HANCOCK COUNTY, Ind. – A business owner trusted his bookkeeper to keep things in order.

But when he stumbled across the devastating truth—that she’d stolen more than $550,000 from him over the years—he couldn’t believe it.

He told investigators that “never in a million years” would he have suspected Jennifer Horton would “do something like this.”

Horton is formally charged with theft and fraud in Hancock County. She’s accused of stealing $555,968 from 2014 to 2022. The money came through salary overpayments ranging from $25,000 in 2014 to $110,573 in 2021.

The business owner contacted the Hancock County Sheriff’s Office in December 2022 after realizing Horton had stolen thousands of dollars from his business. She’d used a company credit card to make unauthorized purchases and also put her husband—who owned a lawncare business and was paid from a separate business account—on the payroll with an annual salary in excess of $50,000.

The business owner, who told police he didn’t think Horton was capable of such deception, became suspicious when he asked Horton for the passcode for the company’s American Express account. She was “very hesitant” with the information and didn’t turn it over.

While she was on vacation, the business owner contacted American Express and learned the company’s balance was over $65,000. Horton had used the company card to pay for cable at the office as well as her own house, according to records from Comcast.

The business owner also discovered that an ex-employee’s credit card was still in use. The man had left the company a while ago and turned everything in, including his American Express card. It appeared Horton never deactivated it and continued to use it, according to court documents. There were several gas station purchases made with the card.

The business owner asked Horton for payroll information. Instead of providing it, she canceled the account and “deleted the app from computers,” he said. Horton also “emptied files/records that were kept in the office as well as deleted a file on [the owner’s] laptop that contained employee’s start dates and other records,” according to court documents.

The revelations were “devastating,” the owner told investigators. He considered Horton a friend and said she “sat next to me this whole time and I had no idea.”

Payroll records Horton provided to her employer showed she made a modest salary of $525 per week, which amounted to $27,300 a year. She eventually received a raise to $600 per week ($31,200 annually) in 2021 and another to $743 per week ($38,636 annually) in 2022.

But her W-2 forms told a much different story. In 2014, for example, she reported $52,300 in income from her employer—an overpayment of $25,000. Those overpayments continued in large amounts through 2022, according to tax records. The owner also discovered Horton’s husband had been added to the payroll in 2021 and 2022 as a full-time employee.

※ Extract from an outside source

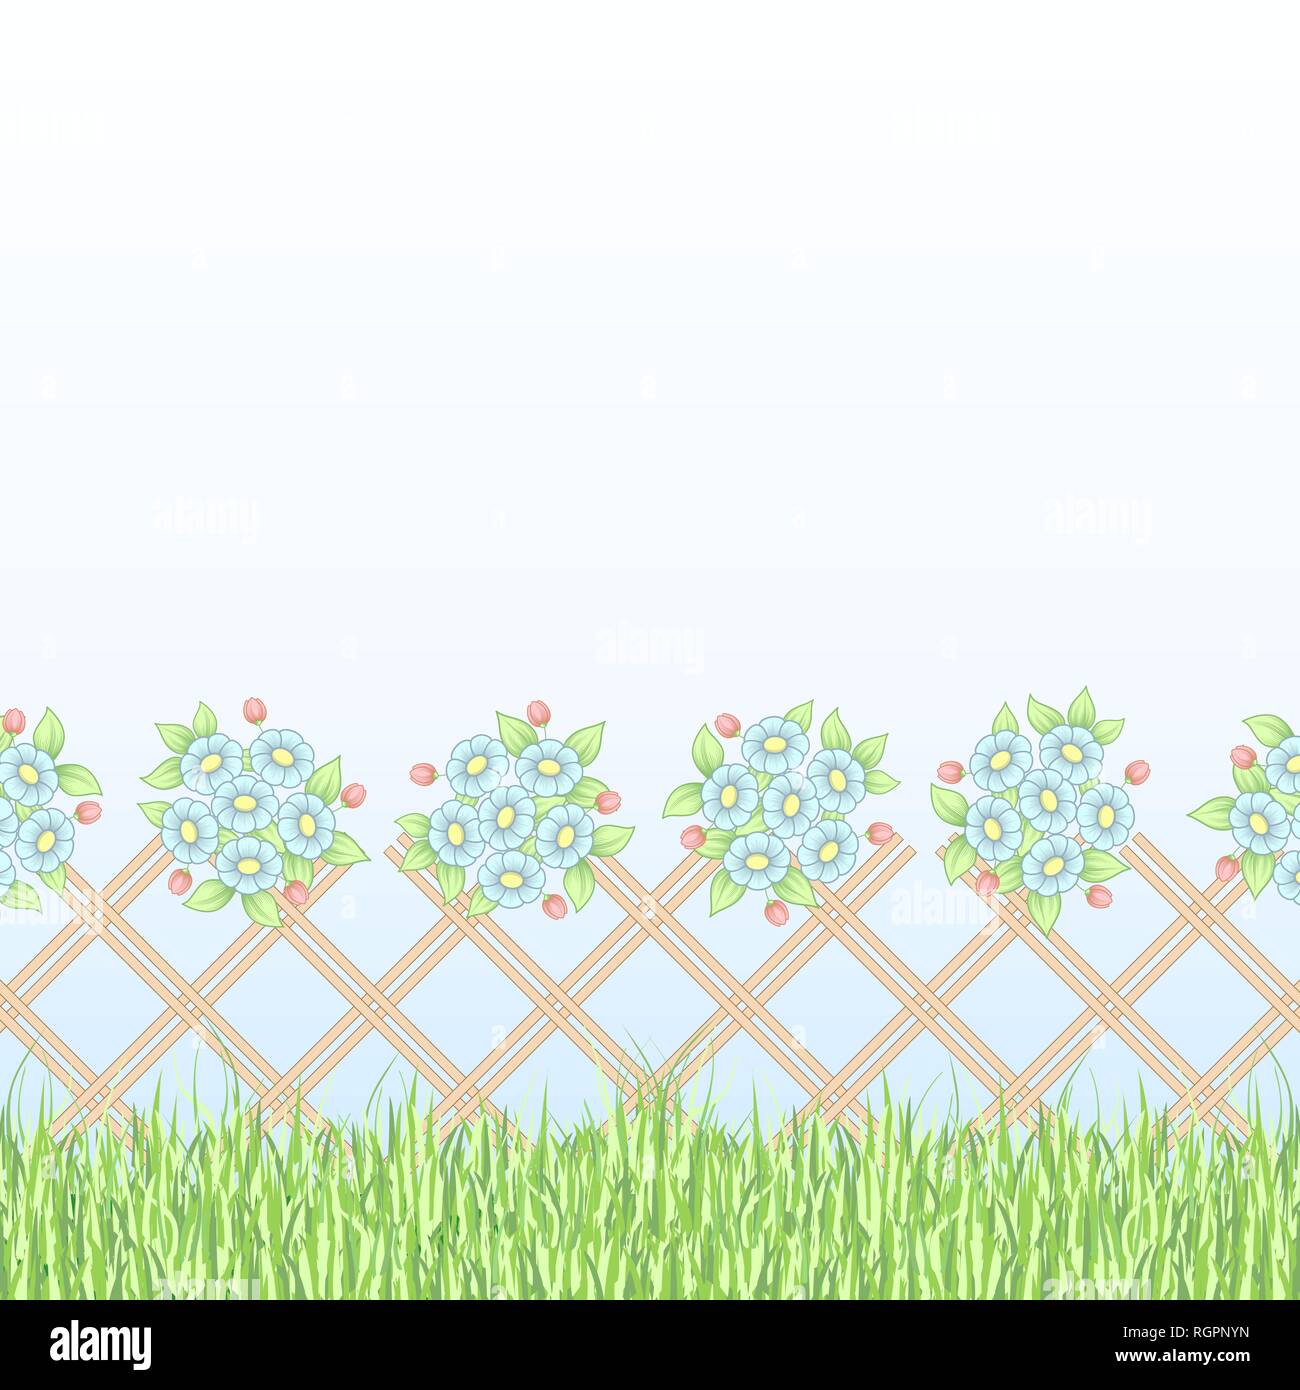 Hintergrund mit Zaun, grünes Gras und Gänseblümchen Blumensträuße Stock Vektor

The business paid Horton’s husband about $1,200 a year out of a separate account to mow the lawn. He was never hired as a full-time member of the staff, the business owner told investigators.

Horton and her husband eventually sold their home in Hancock County and moved to Kentucky. The Hancock County Prosecutor’s Office filed the case on March 15, although Horton didn’t make her initial appearance until March 27, according to court records.

She’s next due in court for an pretrial conference on April 25, with a jury trial tentatively scheduled for July.